**Problem to solve**
No pictures should appear in the copy. Reproduce exactly the lines from the one containing "Caregiving: Digital Certificate" through the end of the material below.

**Collected data**
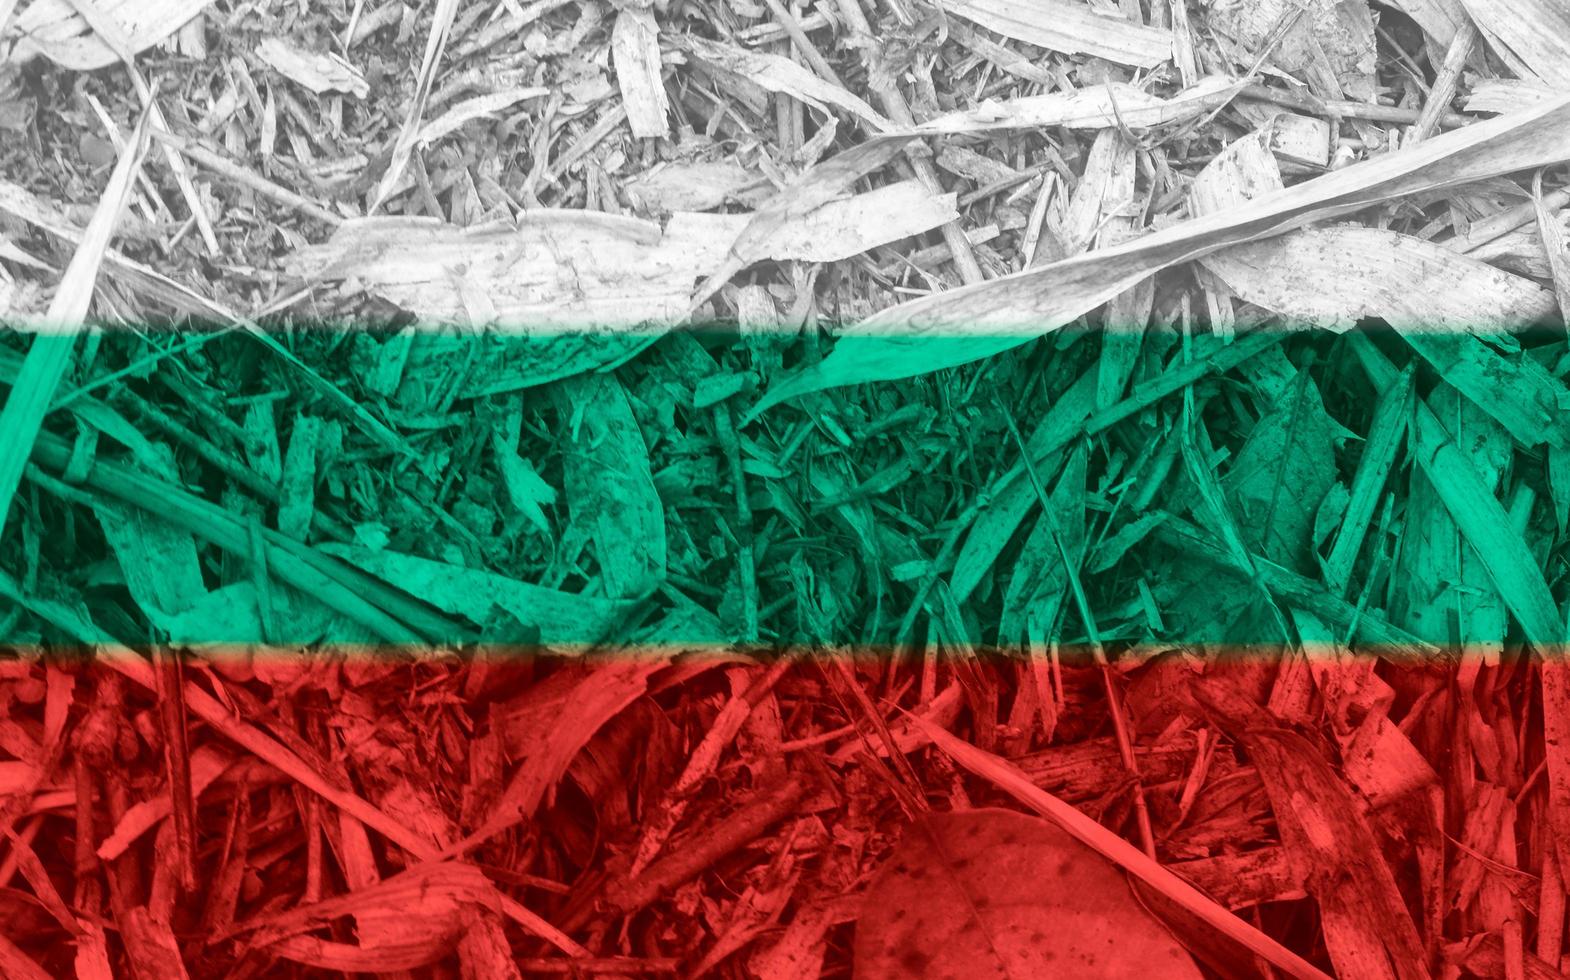 Bulgarian flag texture as a background photo
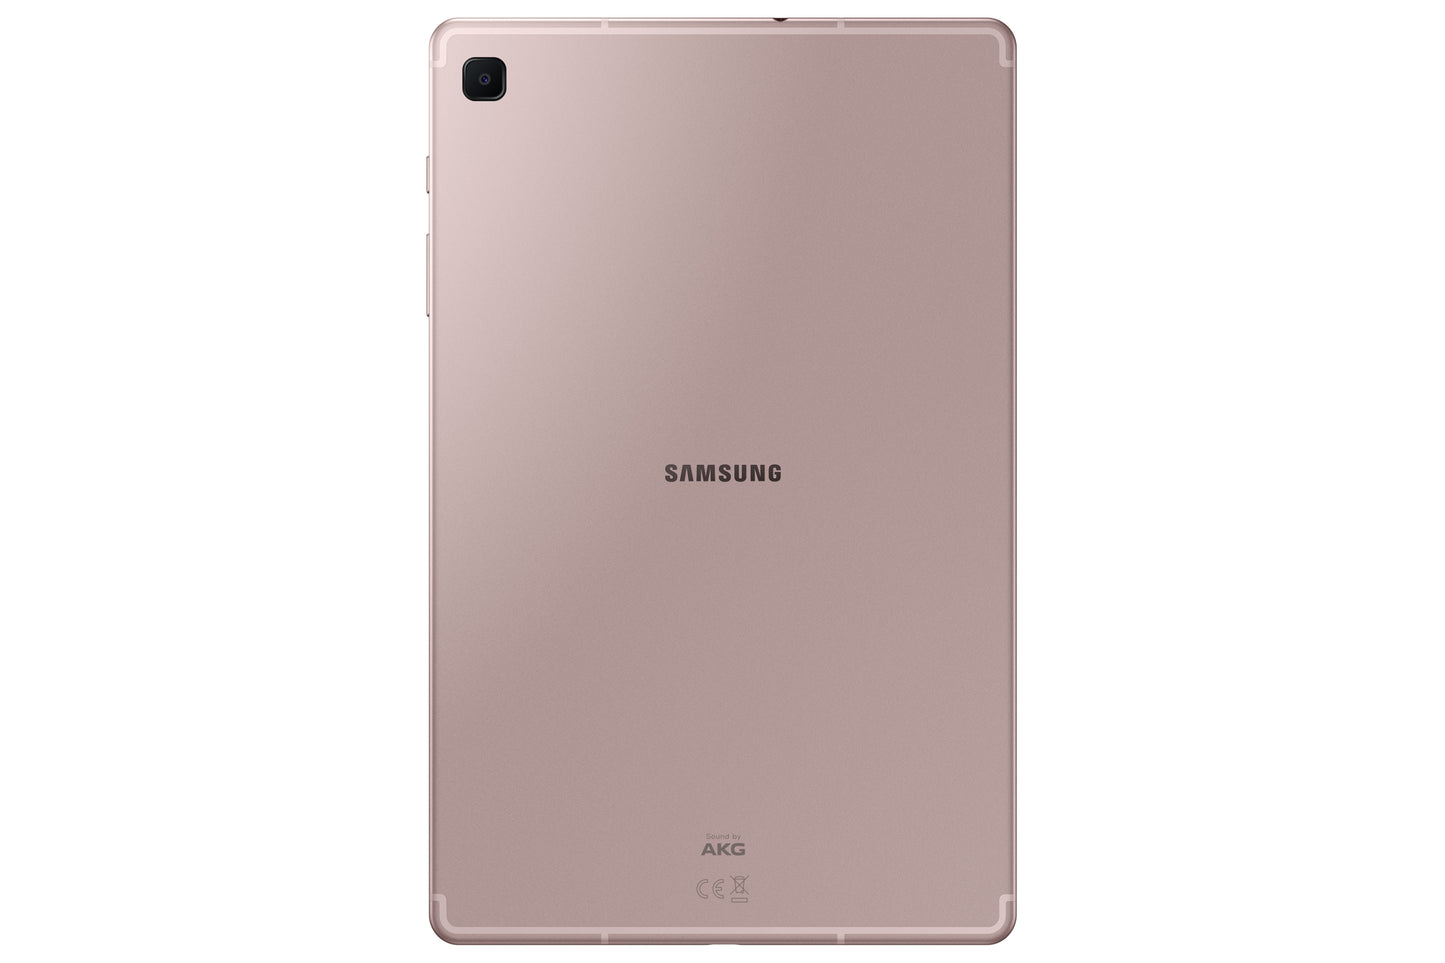 Samsung Galaxy Tab S6 Lite Wi-Fi 64GB 10.4-in Tablet - Chiffon Rose
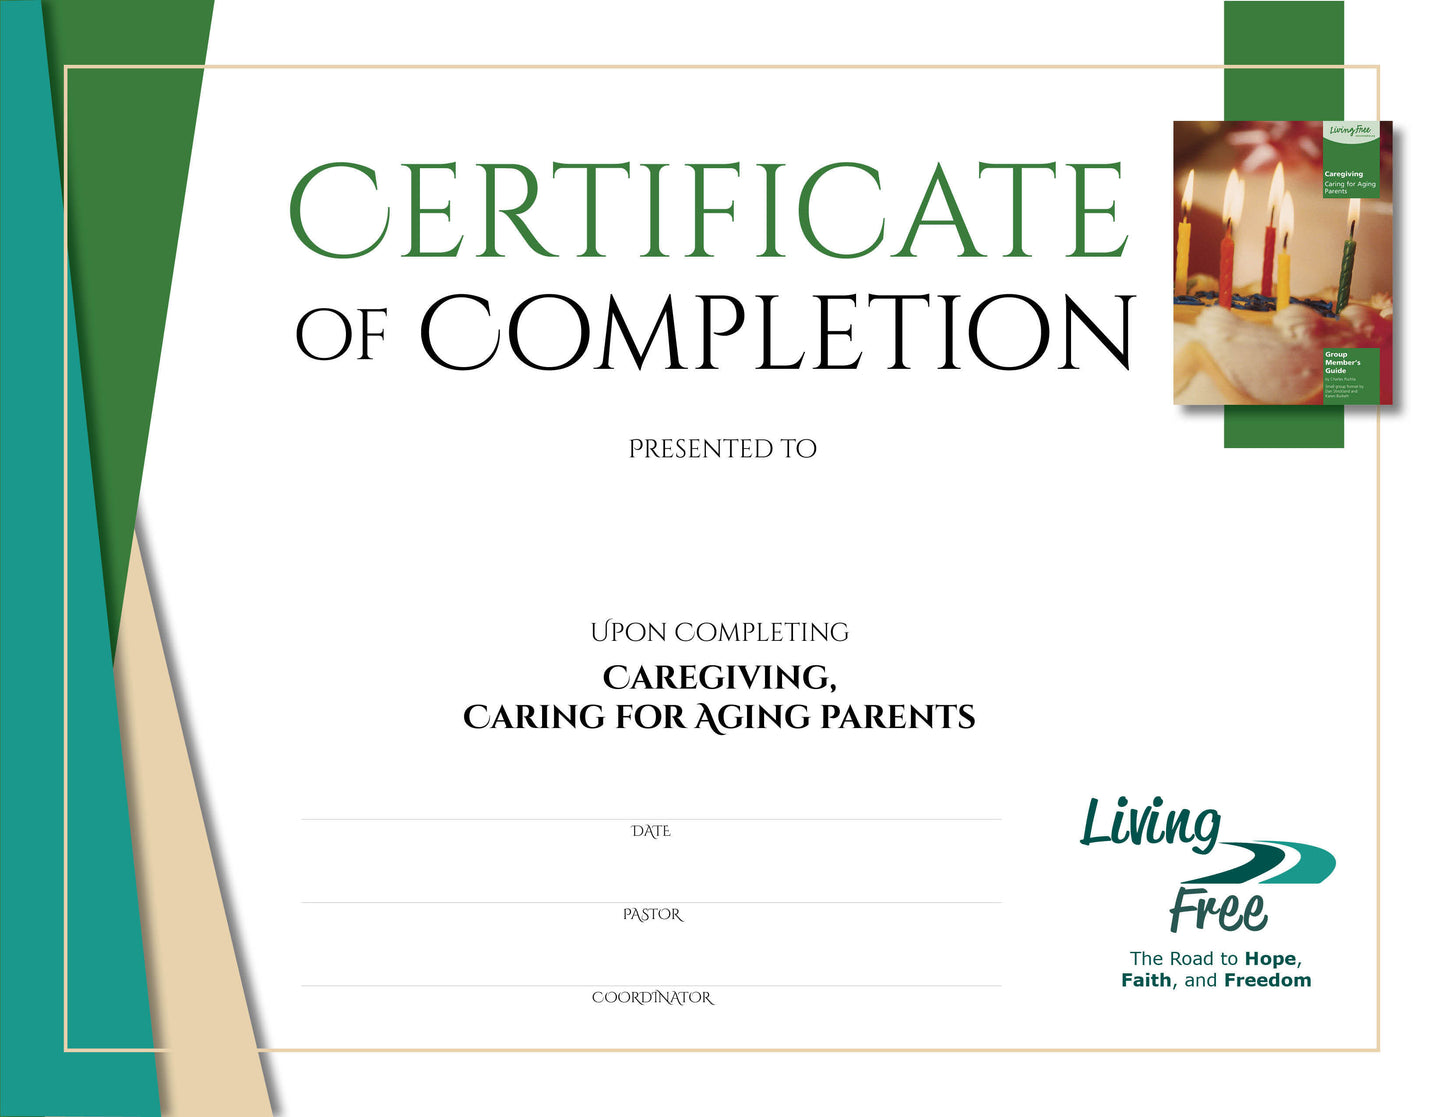 Caregiving: Digital Certificate
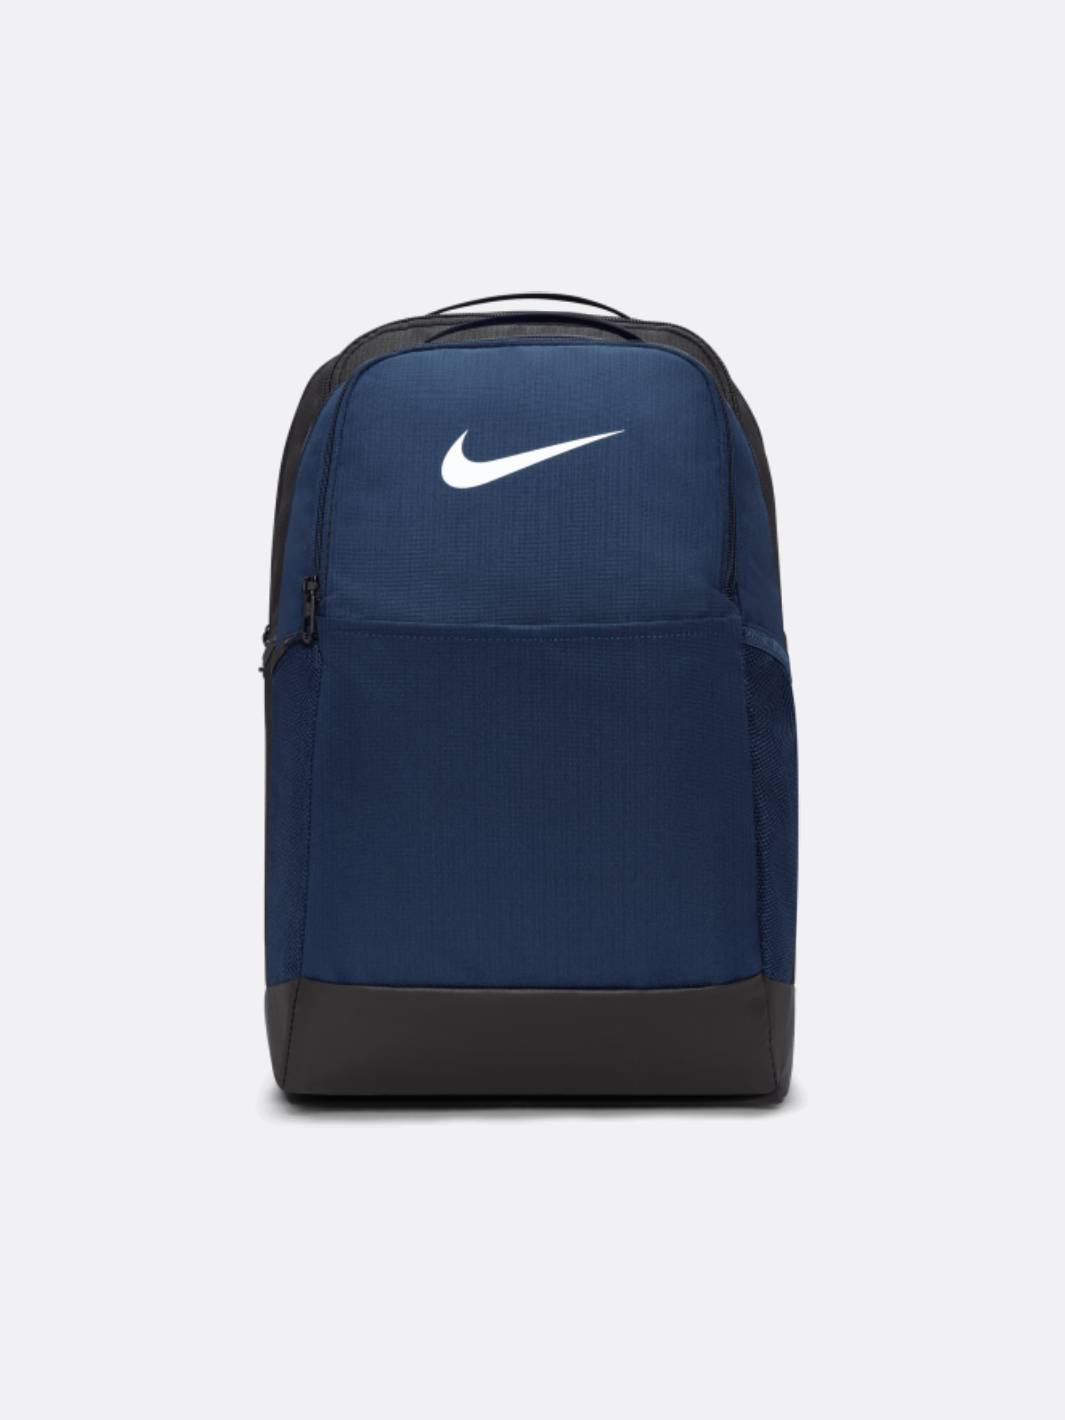 Nike Brasilia (Large) Training Duffel Bag - Atlantic Sportswear

**Exercise answer**
 Caregiving: Digital Certificate
 Nike Brasilia (Large) Training Duffel Bag - Atlantic Sportswear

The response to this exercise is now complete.